Material provided:
▽

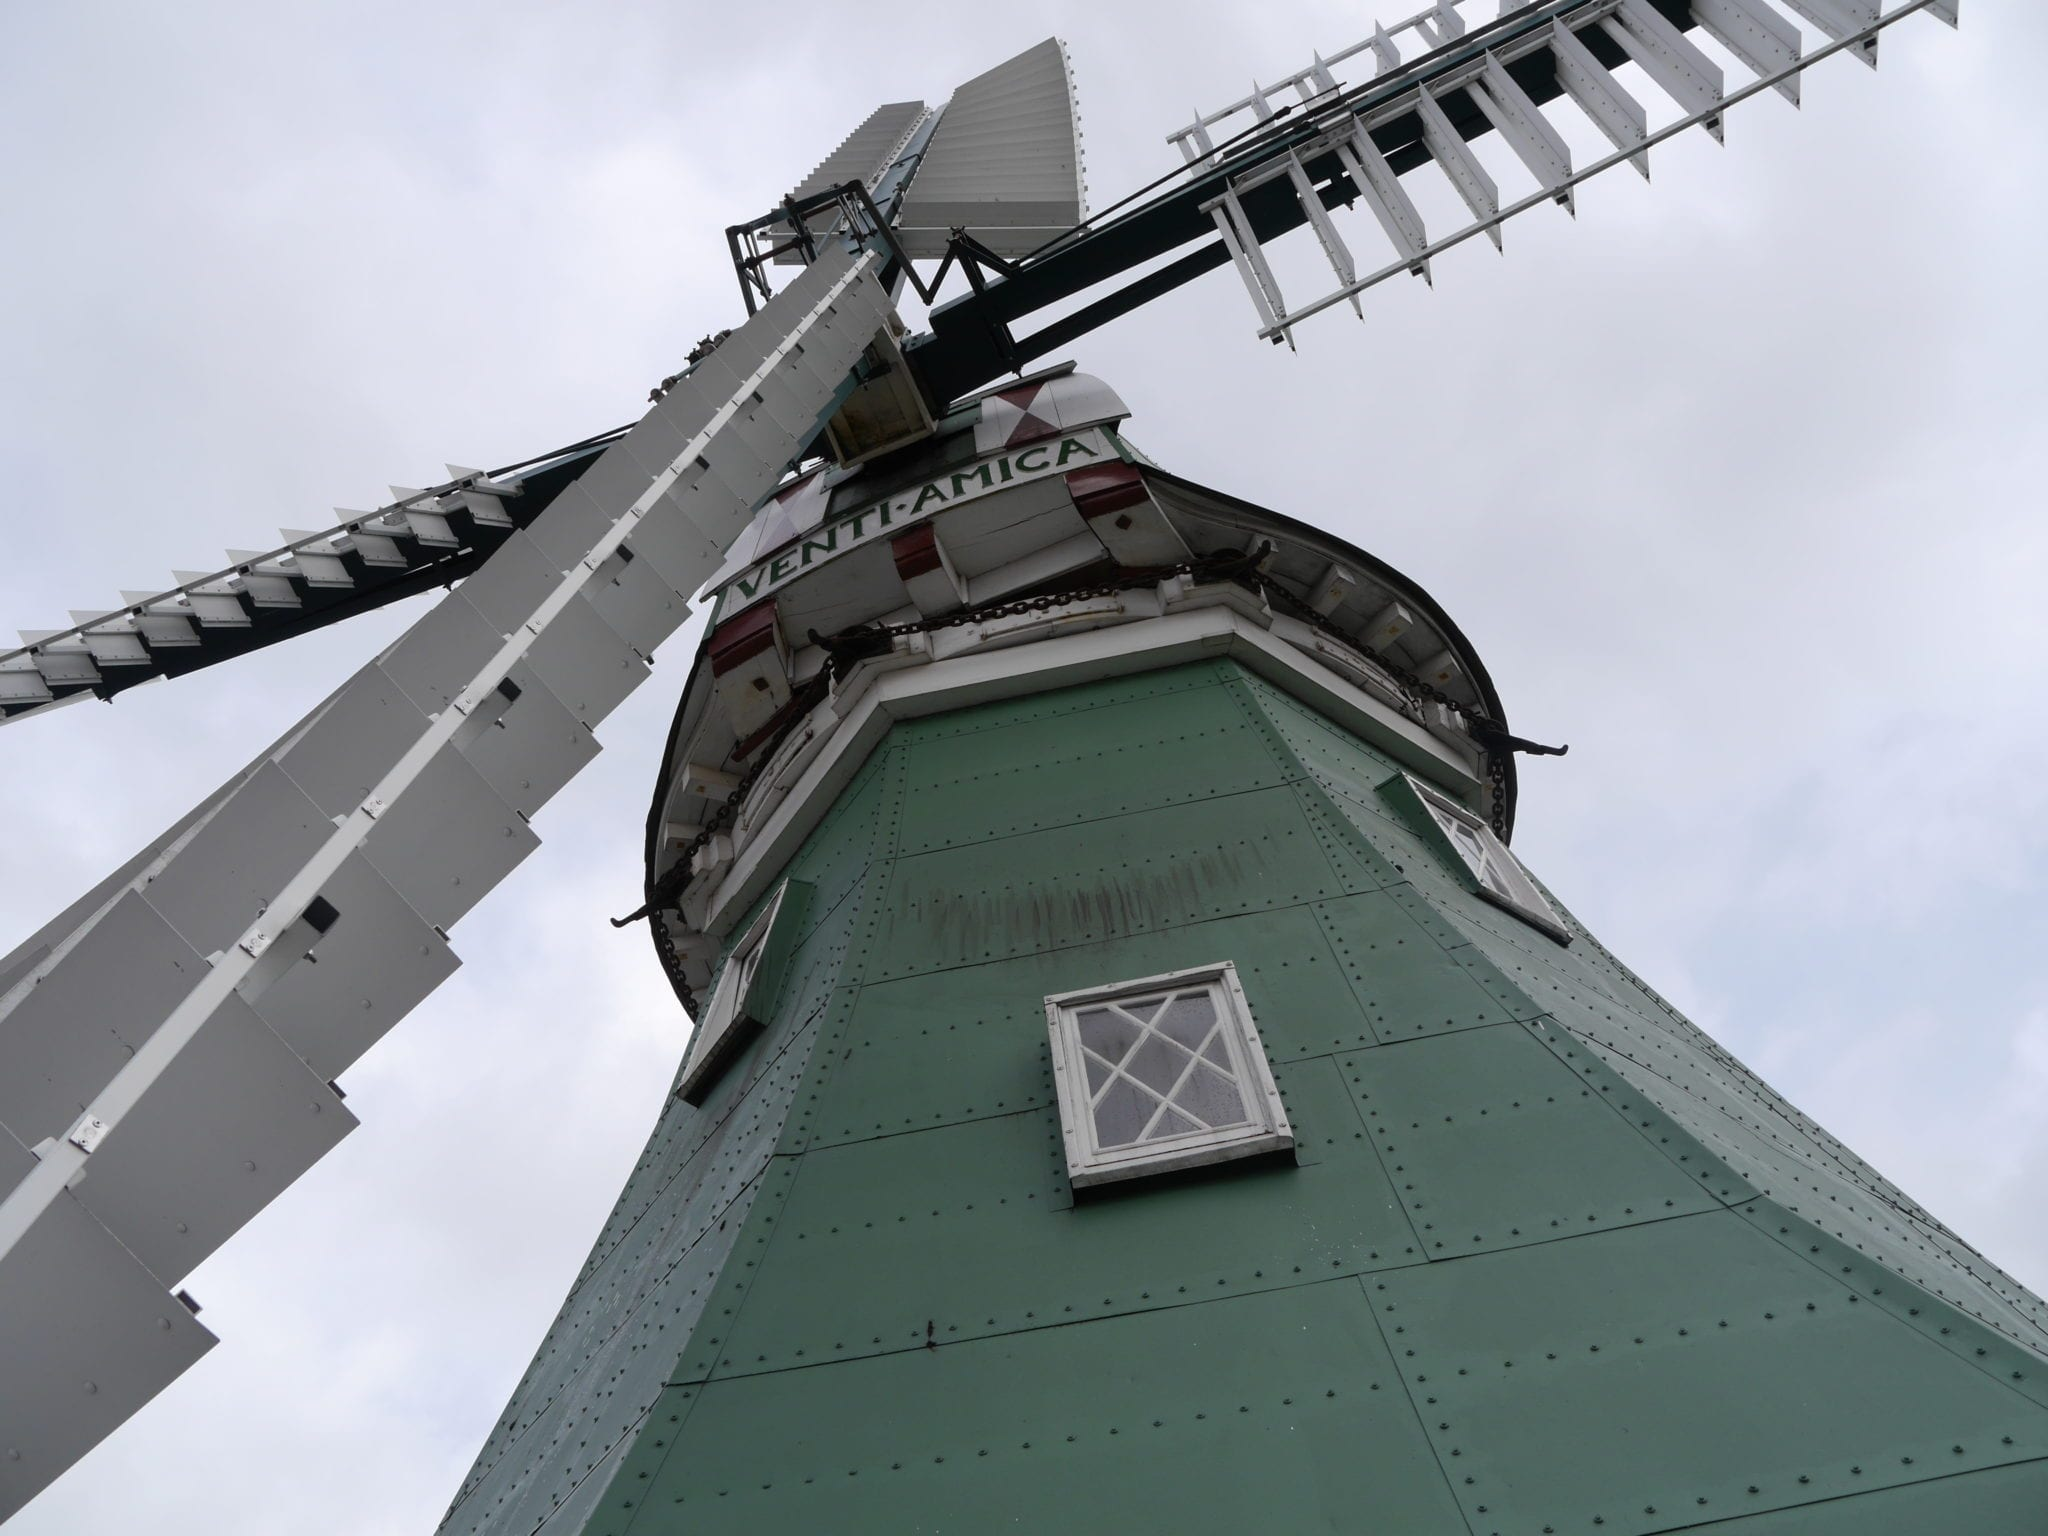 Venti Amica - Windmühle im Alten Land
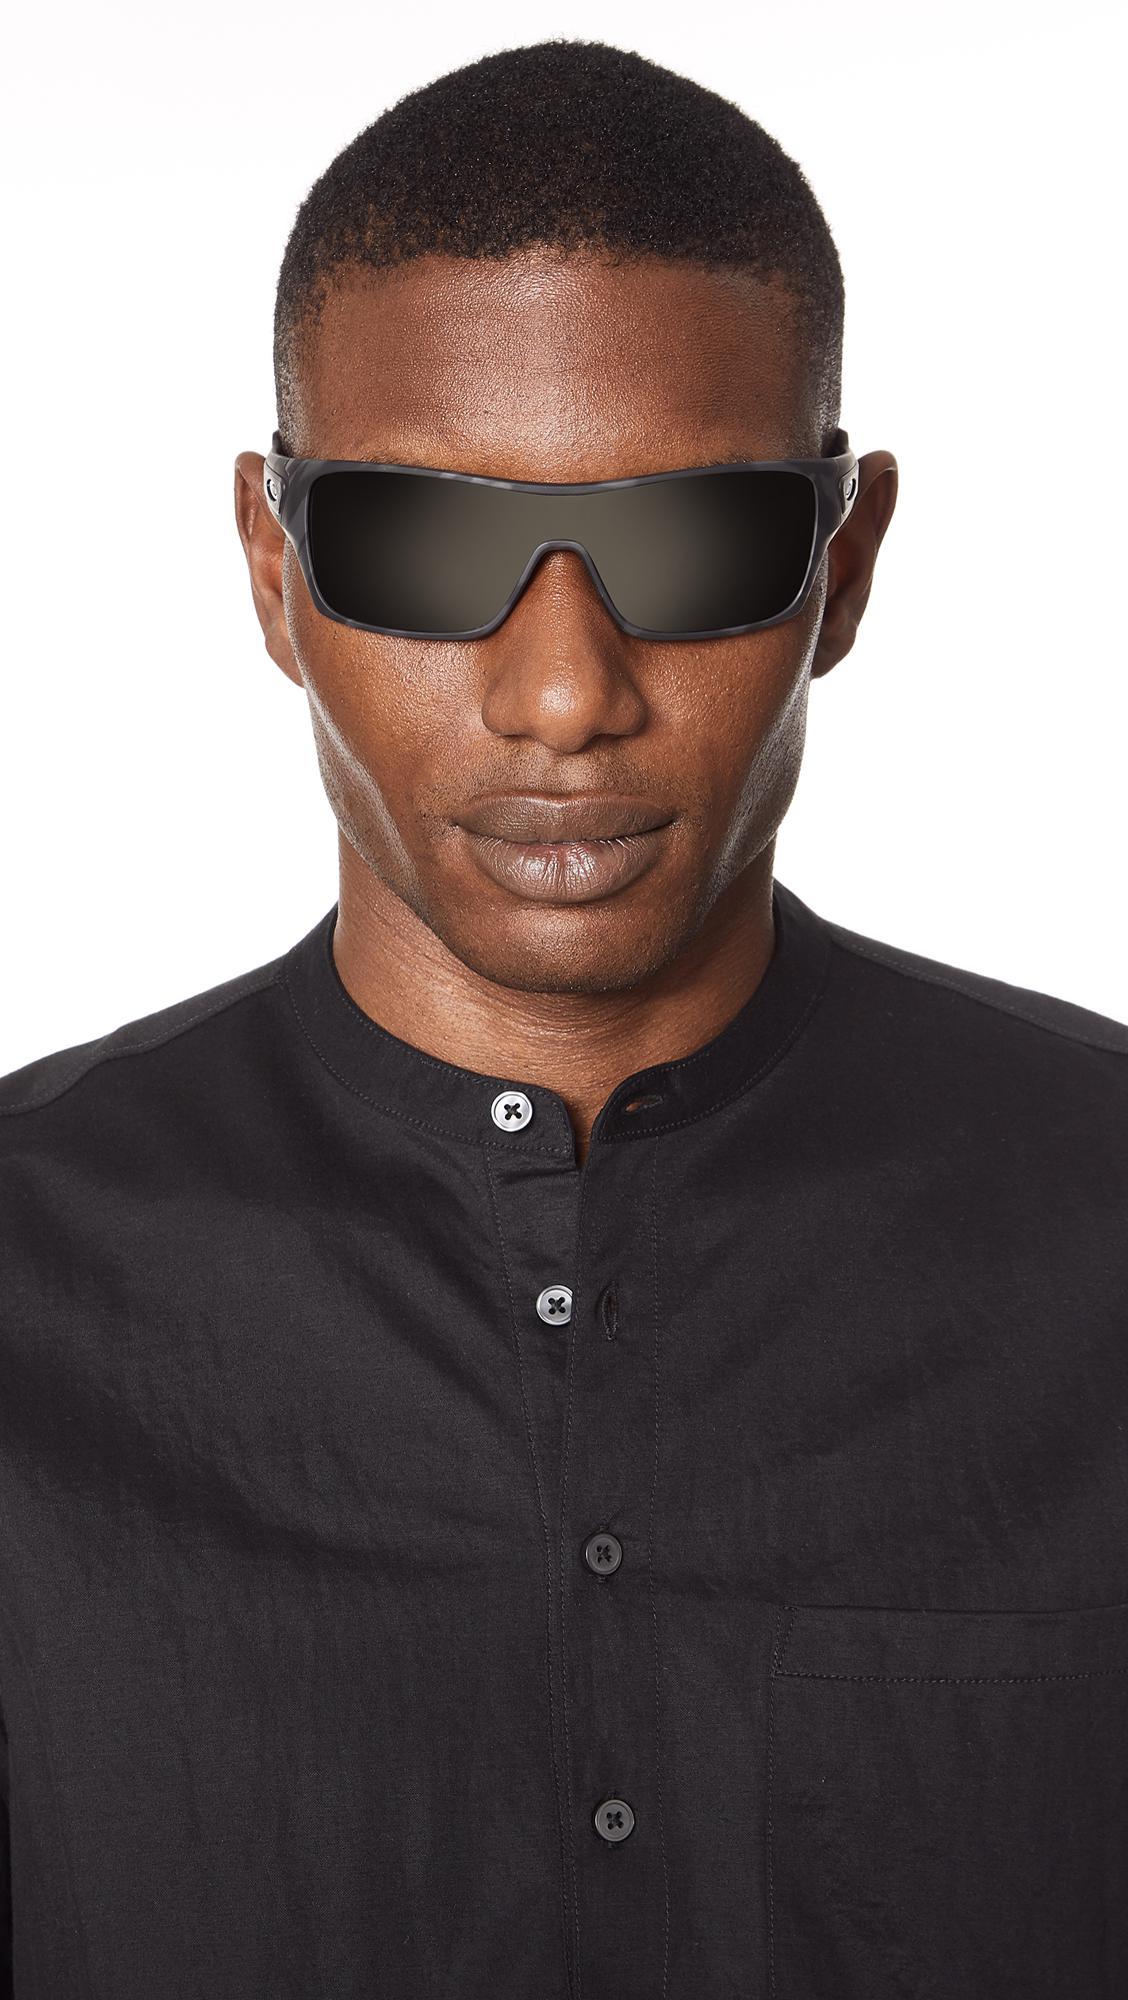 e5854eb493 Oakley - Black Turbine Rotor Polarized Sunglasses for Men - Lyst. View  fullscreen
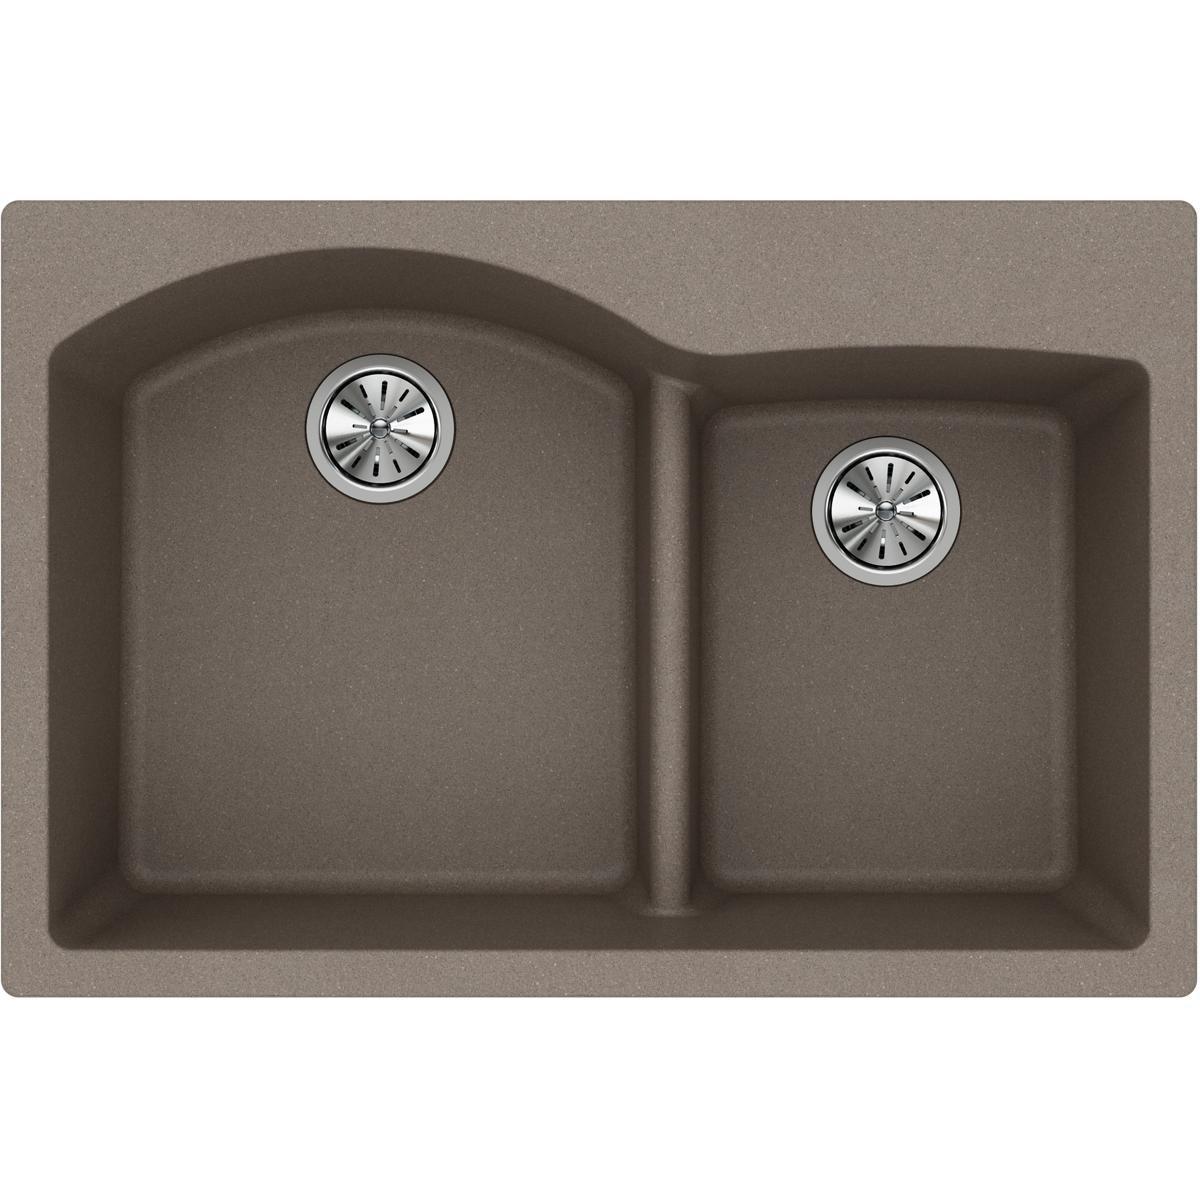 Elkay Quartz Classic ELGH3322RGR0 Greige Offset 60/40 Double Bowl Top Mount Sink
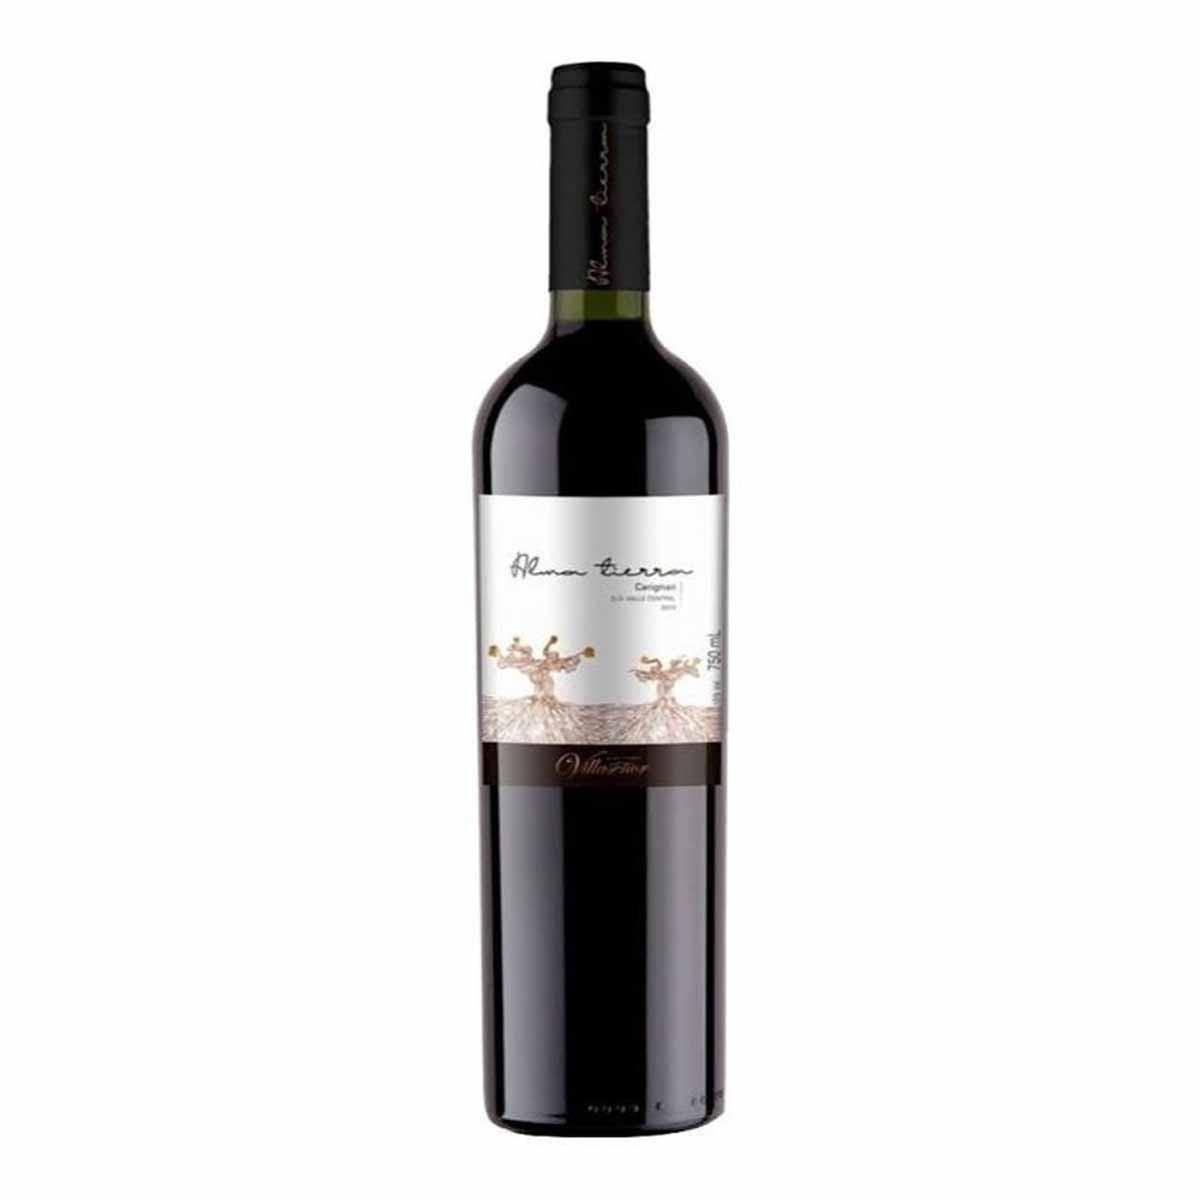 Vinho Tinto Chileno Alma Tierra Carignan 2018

△

The material above must be printed exactly, with its pictures left out.

 Venti Amica - Windmühle im Alten Land
 e5854eb493 Oakley - Black Turbine Rotor Polarized Sunglasses for Men - Lyst. View  fullscreen
 Elkay Quartz Classic ELGH3322RGR0 Greige Offset 60/40 Double Bowl Top Mount Sink
 Vinho Tinto Chileno Alma Tierra Carignan 2018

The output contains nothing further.